Just down the street from the Summer Palace, we stopped by Freesky Pearl Factory, where we viewed a demonstration opening a freshwater shell with more than 10 multi-colored pearls. Ladies, if you want to see if your pearls are the real deal, just rub them together which will produce a white powder and no scratches (though a mis-shapen pearl may result).

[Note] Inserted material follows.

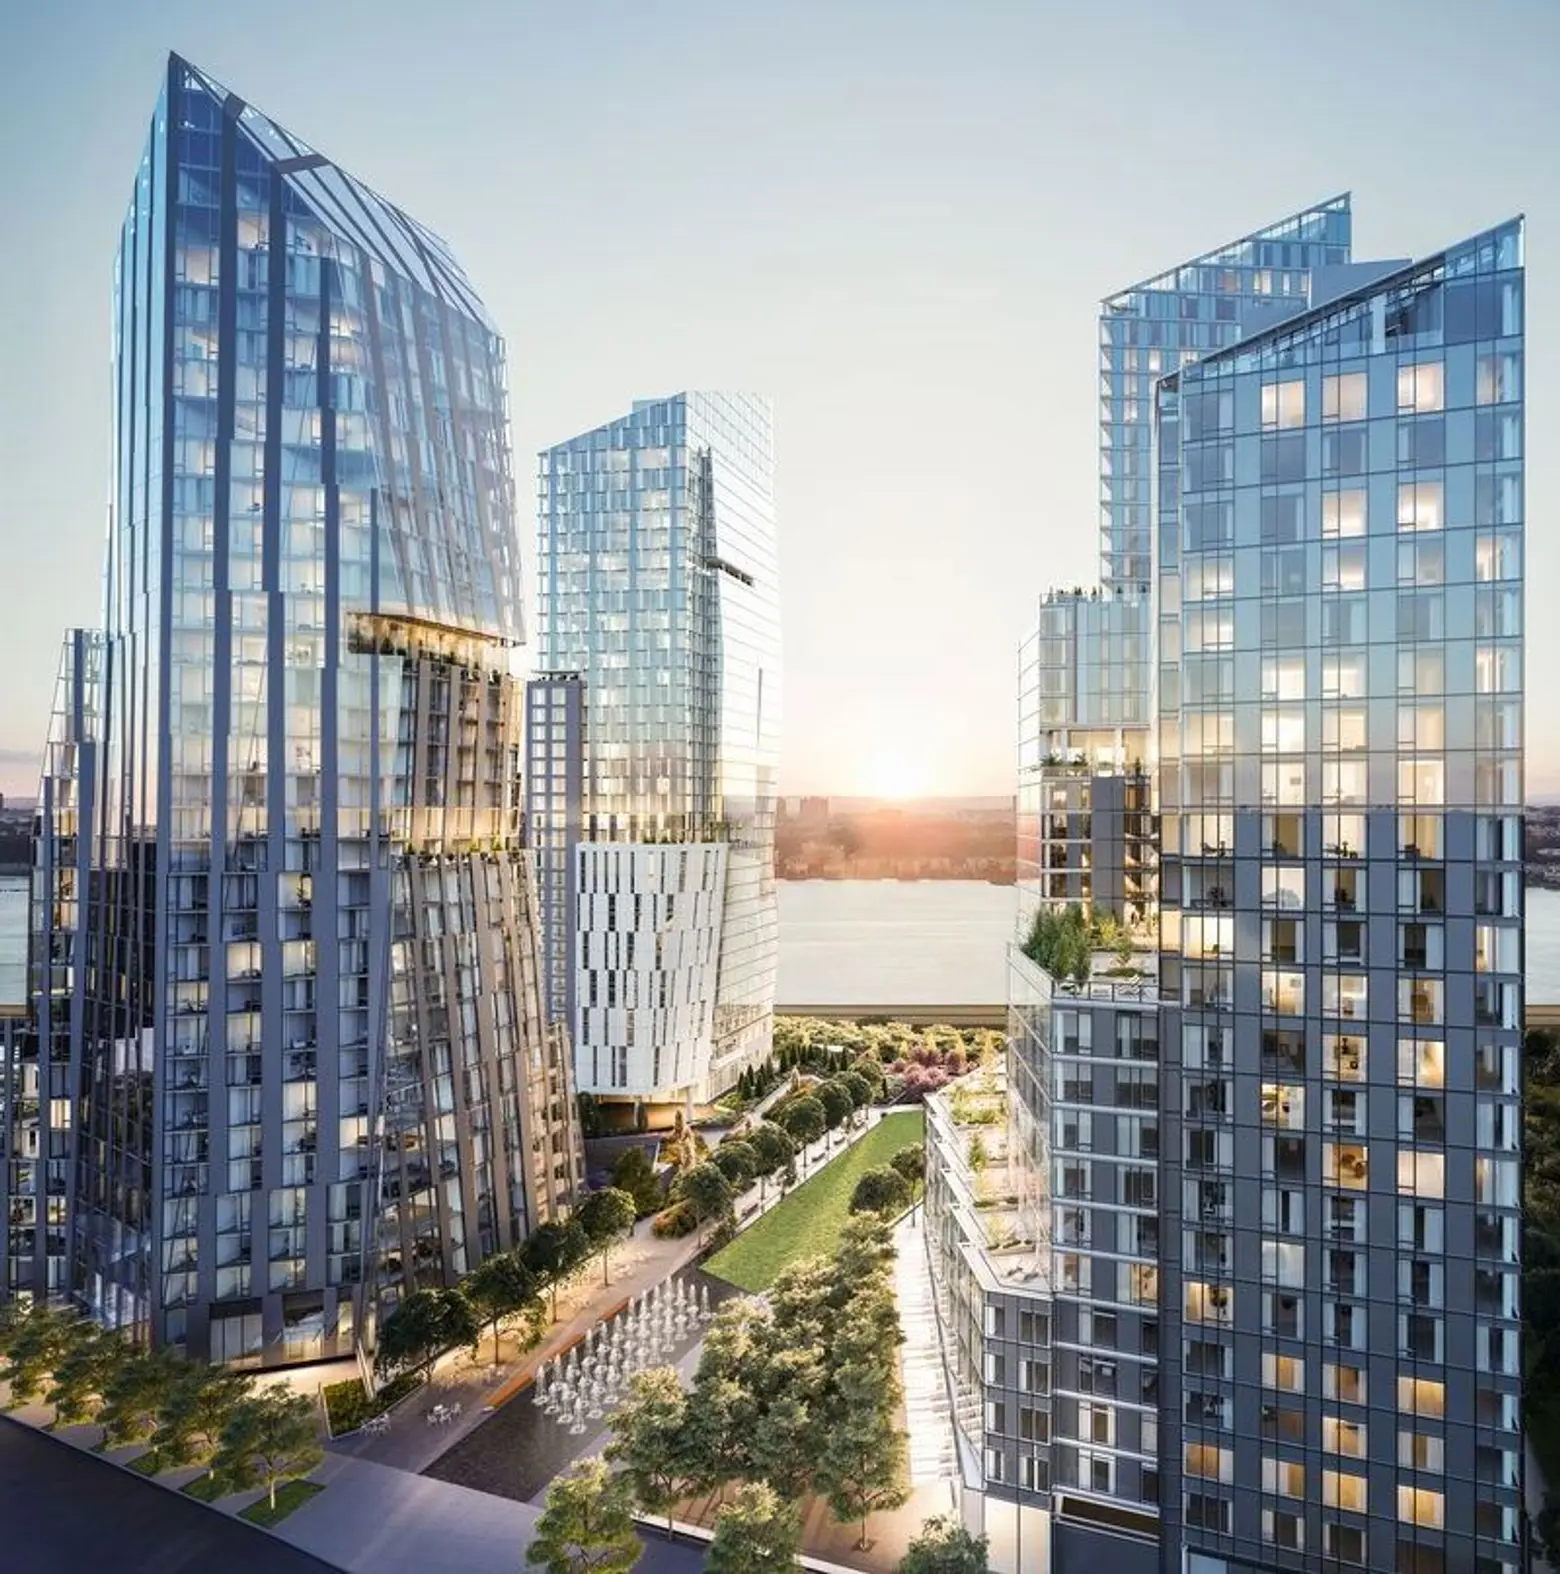 Richard Meier, Rafael Viñoly, and KPF release designs for Upper West Side waterfront development

From there, we donned our celebrity status at the Forbidden City, a massive compound boasting the largest and best-preserved ancient imperial palaces with 500 years of history. A middle courtyard marking the center of both the Forbindden City and Beijing itself which delineates the boundary between men and women. They were not permitted to cross sides. It is here that we learned that the building's architecture grade or complexity is indicated by the number of ornations along the roof corners (the more, the better). Doors were adorned with gold nobs (a place with greatest honor having nobs arranged 9 by 9) - the higher the nob you can reach, the greater your blessing. We saw building after building with remarkably similar names - countless Halls of (fill in the blank) Harmony. Did you know that Katie and I are in high demand? We were photographed, filmed, gawked at, and posed with as the rare white people in China. Surely this will change after the Olympics, but it was absolutely shocking to see everyone's reaction to our group of white American tourists.

Our next stop was lunch where we ate french fries with chopsticks and appreciated their bathrooms (no more squatty potties, please!). After begging and pleading, our guide agreed to give us a requested bonus stop at Tiananmen Square, the largest open square in the world, home to Beijing's version of the 'Lincoln Memorial' and the first of many Olympic countdown signs.

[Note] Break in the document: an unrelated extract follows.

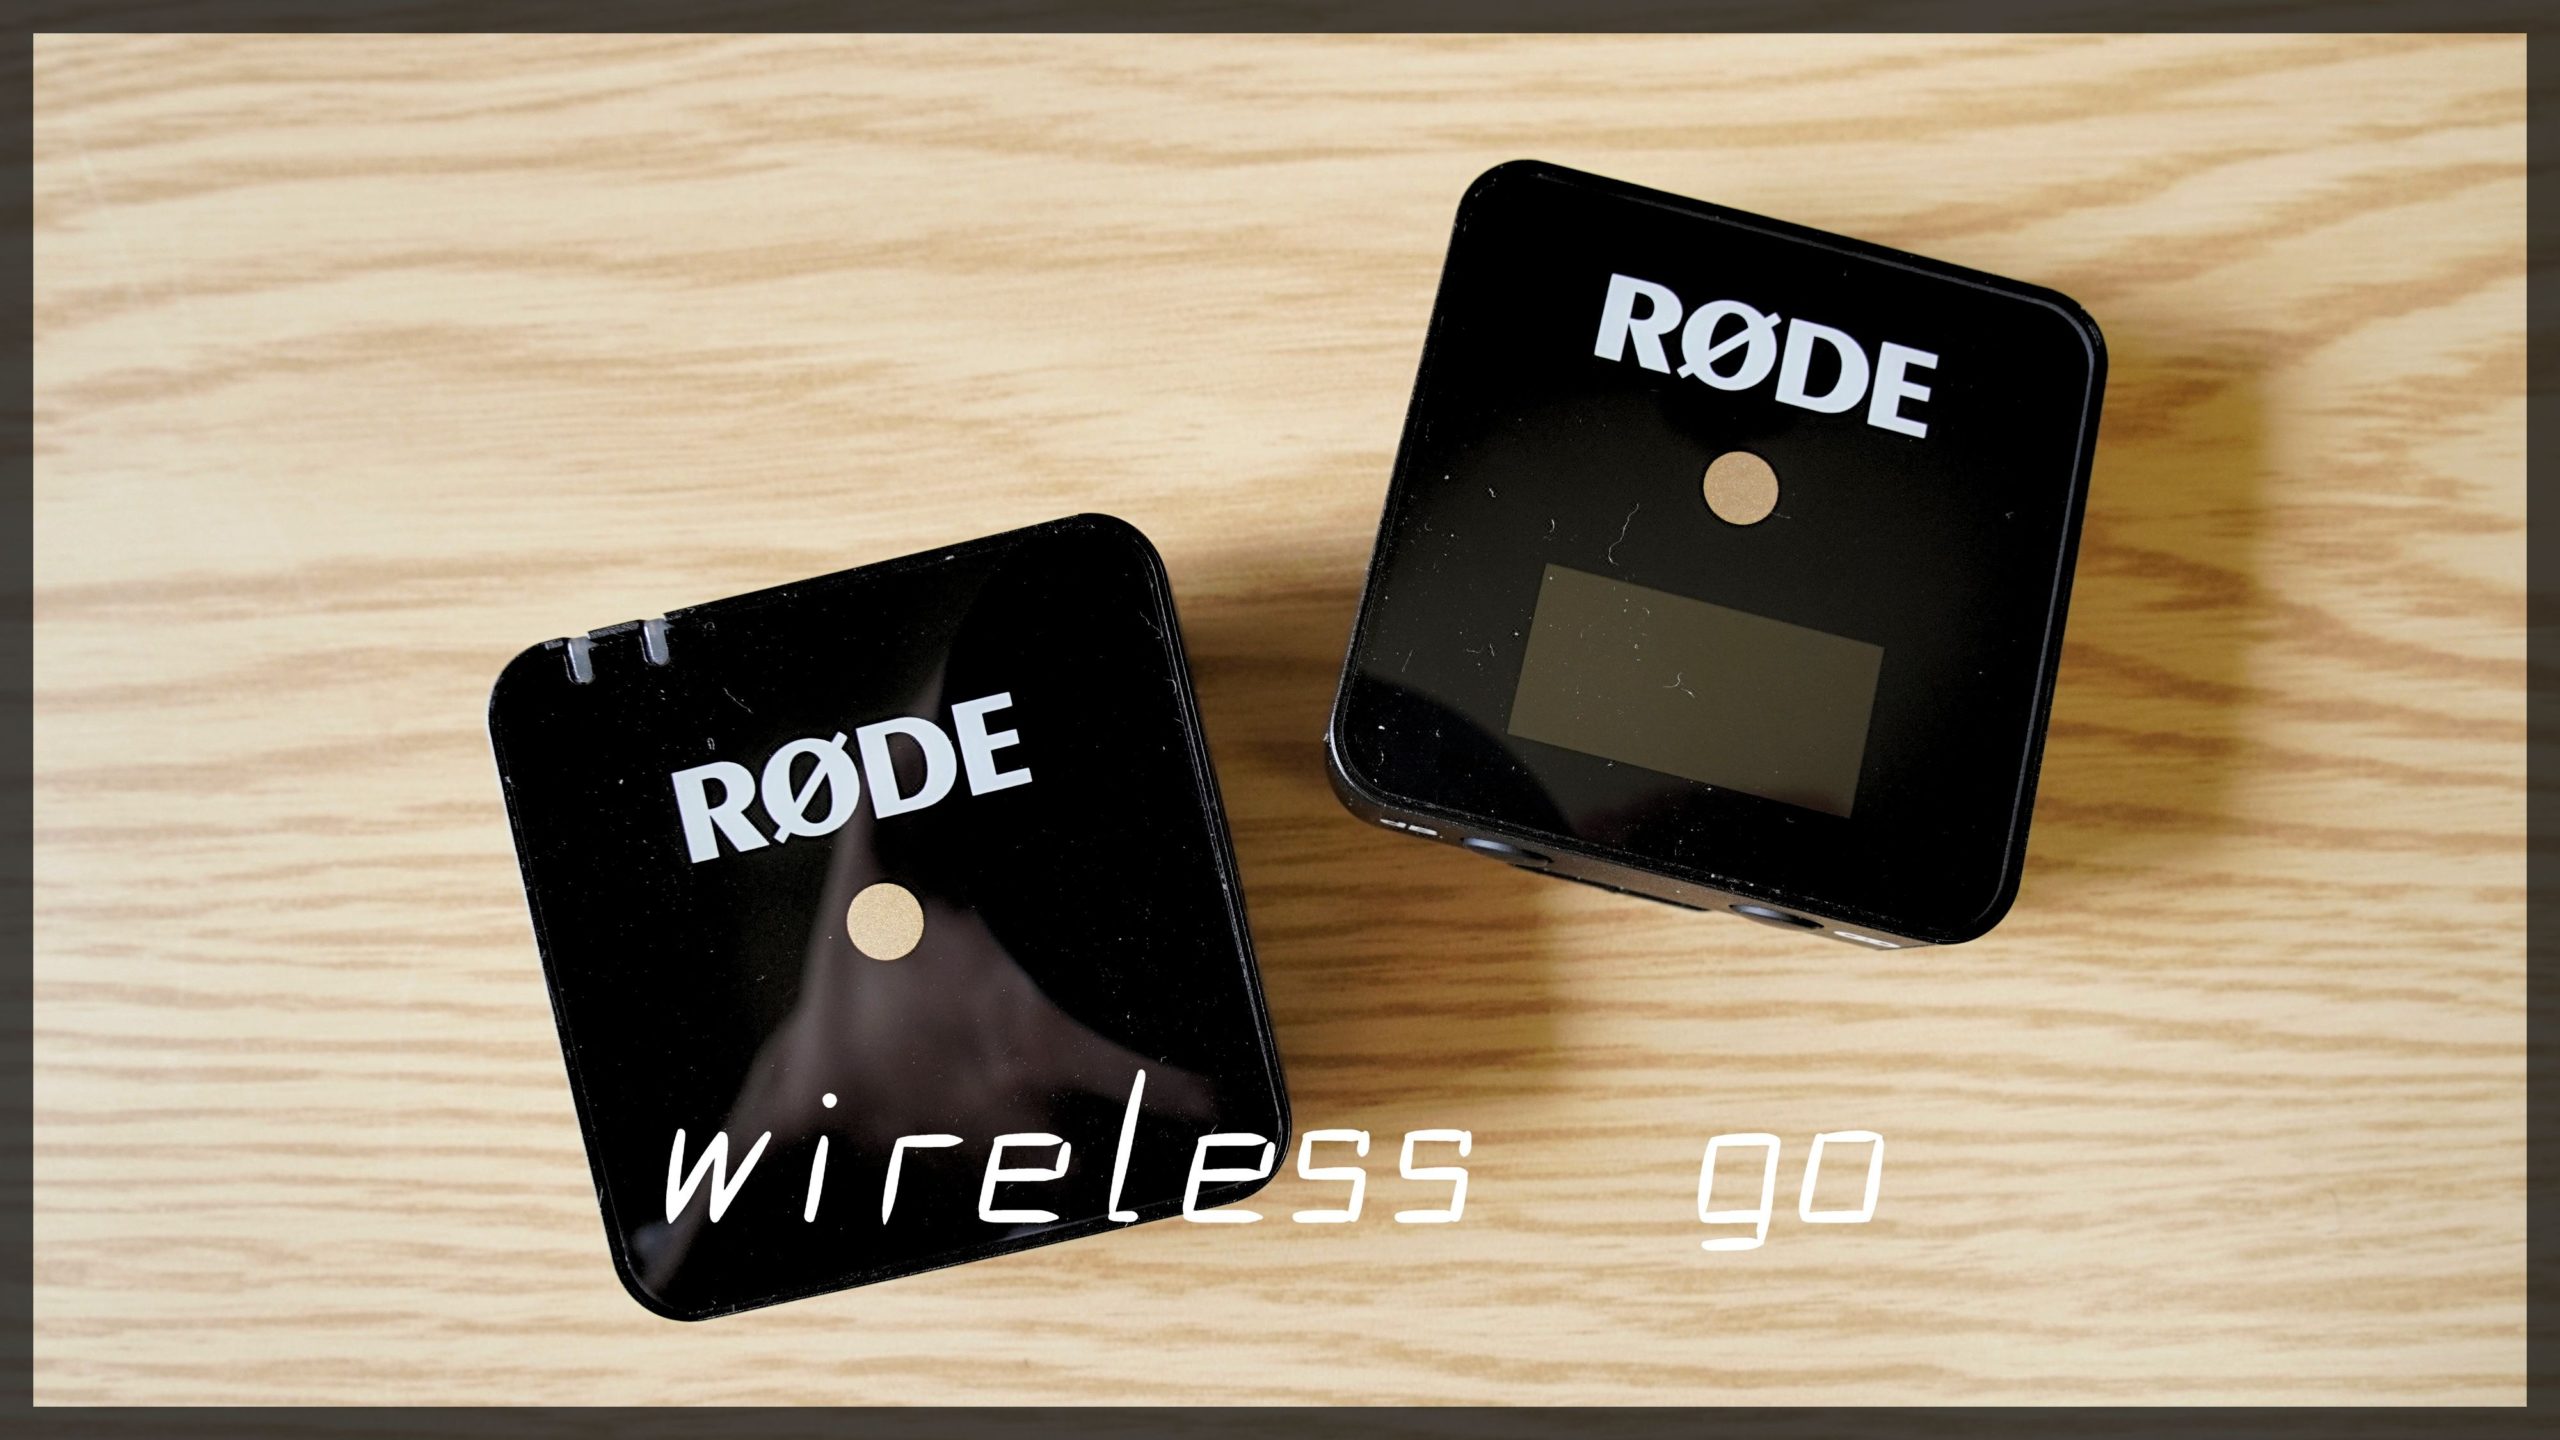 RODE wireless goが適さない人はこんな人。使ってみて分かったレビュー

Next we had a chance to visit the Chinese traditional medicine culture at Tong Ren Tang Pharmacy. We were each given a pulse diagnosis by an old Chinese doctor. I learned that I am overall very healthy but have poor blood circulation to my brain resulting in a bad memory. I used this excuse throughout the rest of the trip.

Our last stop of the tour was at the Temple of Heaven, the largest ancient imperial worship architecture group in the world where the ancient emperors prayed for peace and harvest. The wood structure is pieced together like a jigsaw puzzle (or Lincoln logs). There were lots of locals singing, playing sport/games, and knitting along the pathway to the temple.

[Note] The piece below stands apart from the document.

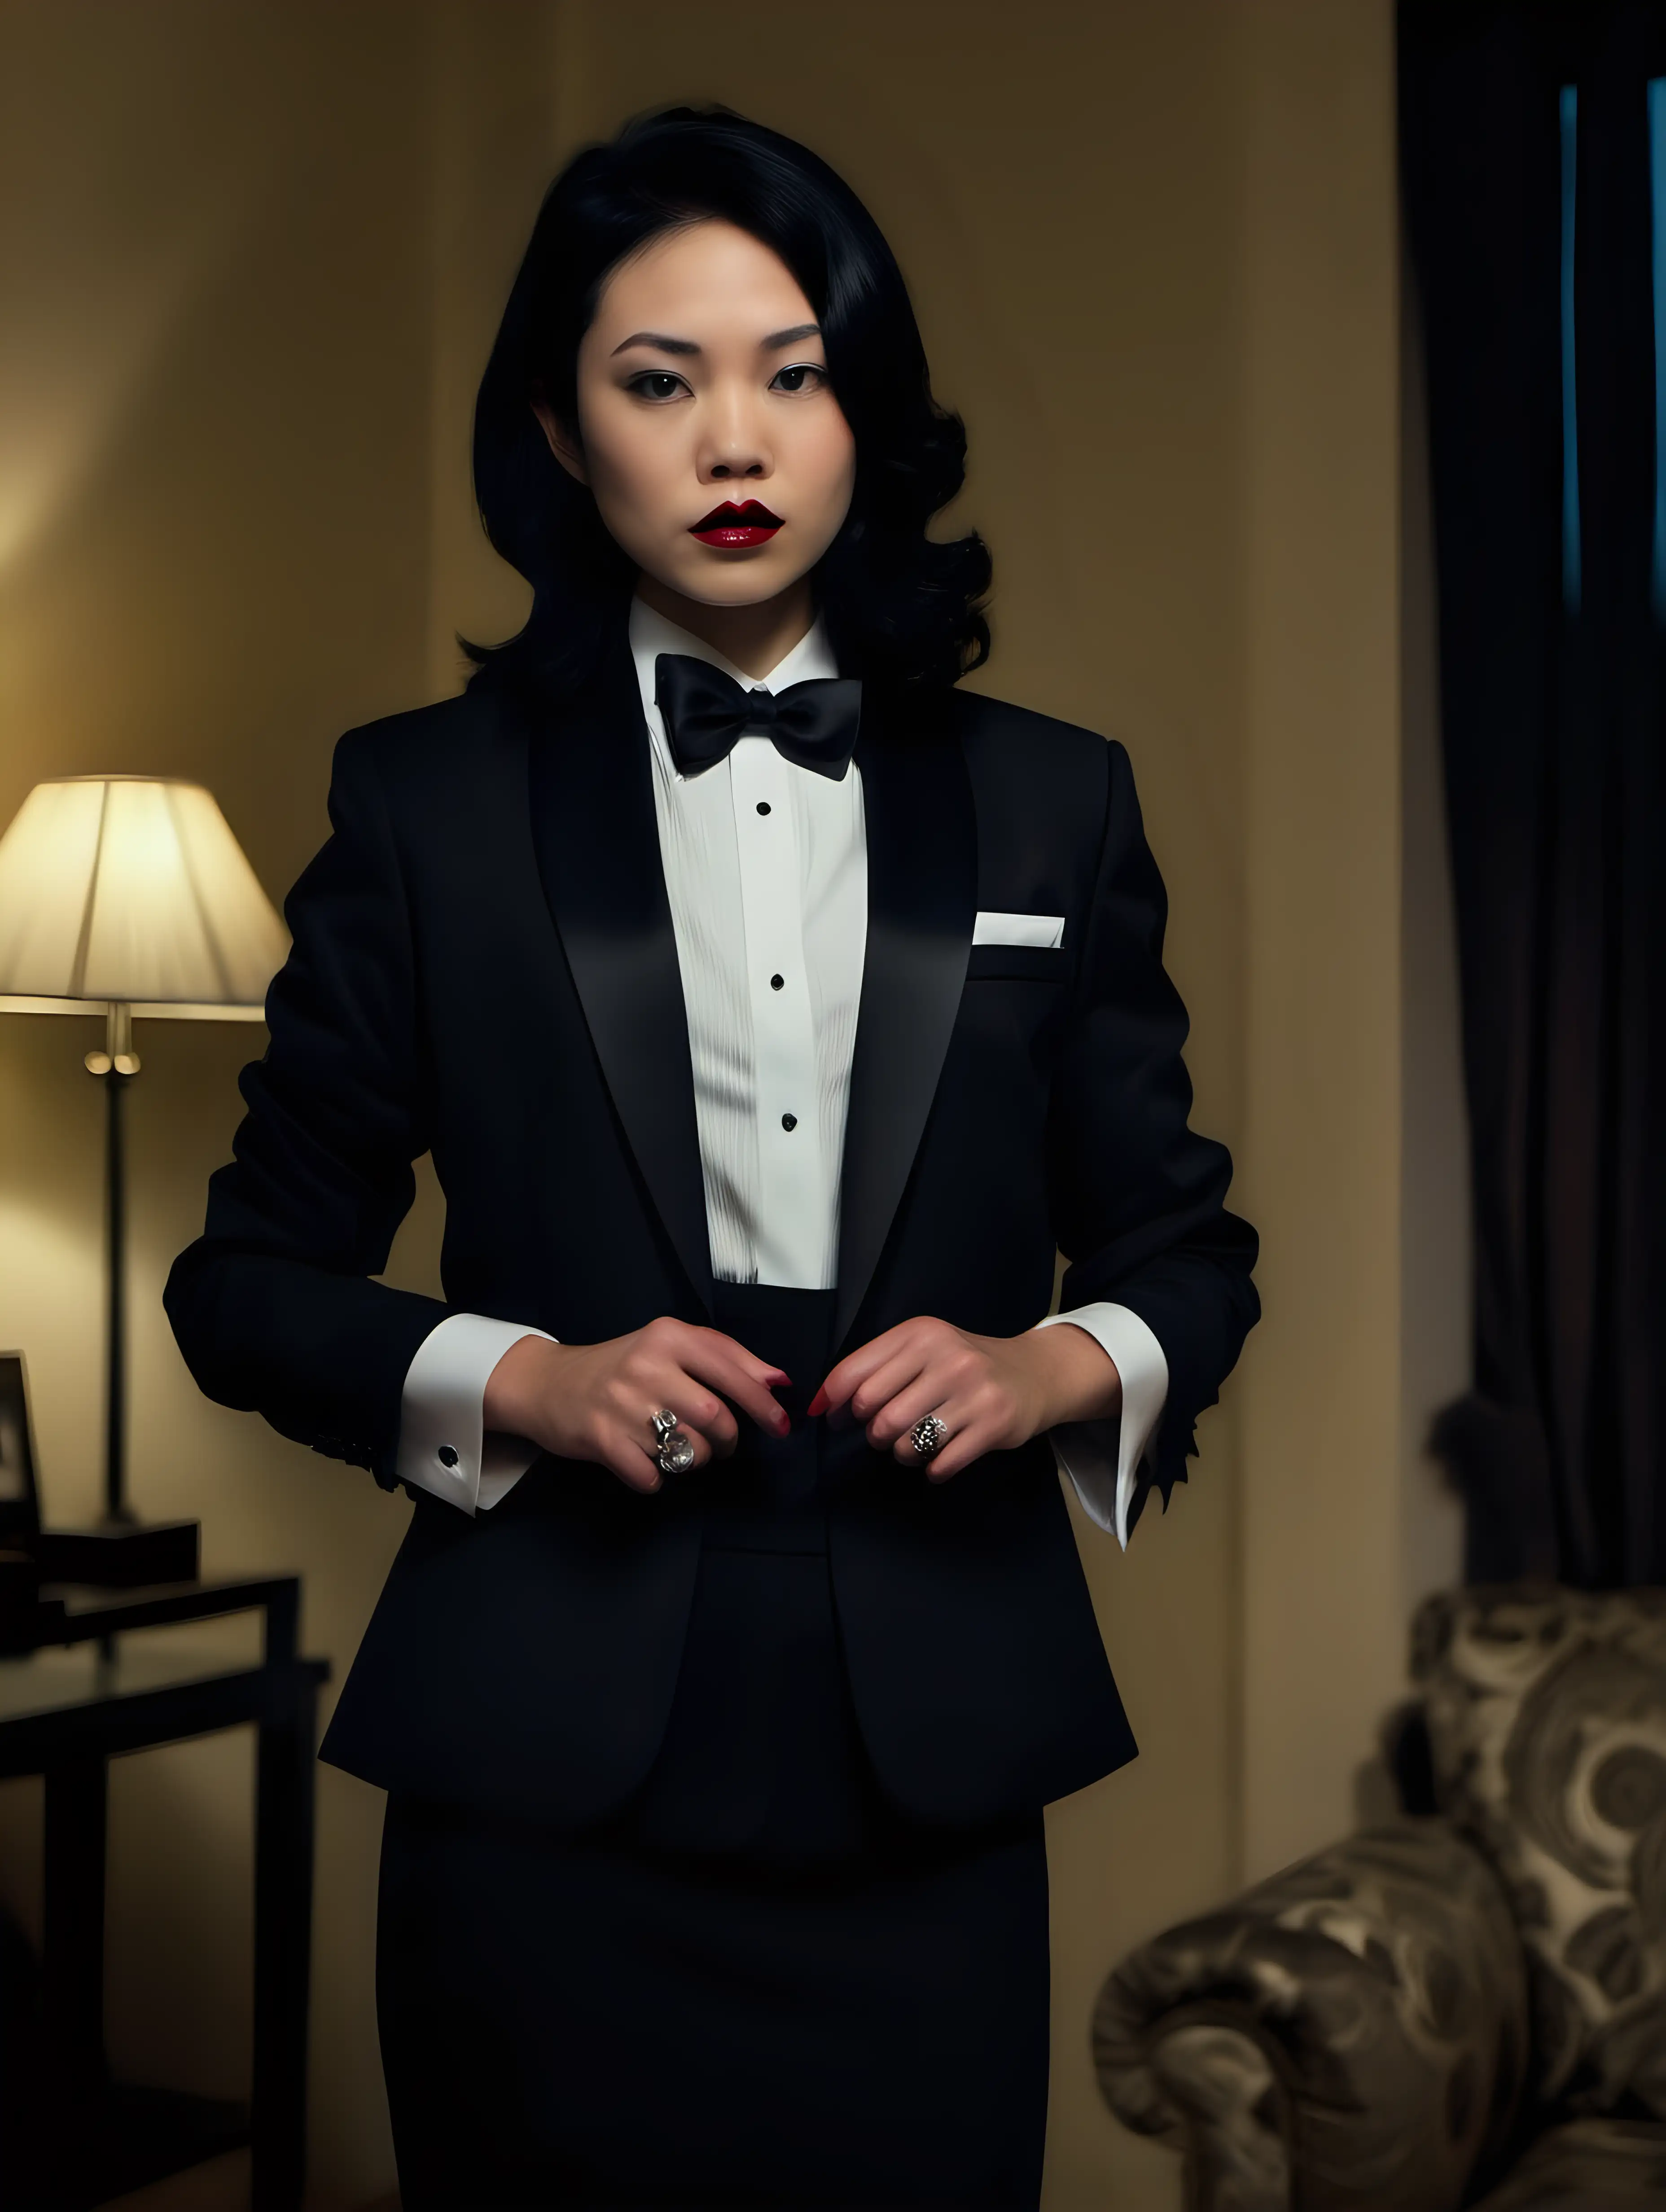 Elegant-Vietnamese-Woman-in-Black-Tuxedo-Stands-in-Night-Room

After the tour, Katie and I hightailed it back to Silk Street, our favorite new spot for bargaining. We are pro's, let me tell ya. It didn't take us long to realize that the more purchases you carry, the better deals you'll find. We paid roughly 10% of asking price and other vendors were shocked and impressed with the prices we paid. Katie made lots of friends while I tried on clothes and shoes - shopping has never been so fun. We were devastated when they closed the shops down around us.

Forced to leave, we headed to Hou Hai Bar Street to check out Beijing nightlife. After a romantic stroll around the lake, we settled onto one of the many riverside couches for the one round of drinks we could afford (we perfectly allocated our ATM withdrawals to not have excess foreign currency). We wondered what type of herbal refreshment was so readily available from the countless hookahs on blatant display. Our taxis always seemed to be driving in circles, but never failed to deliver us to our intended destination.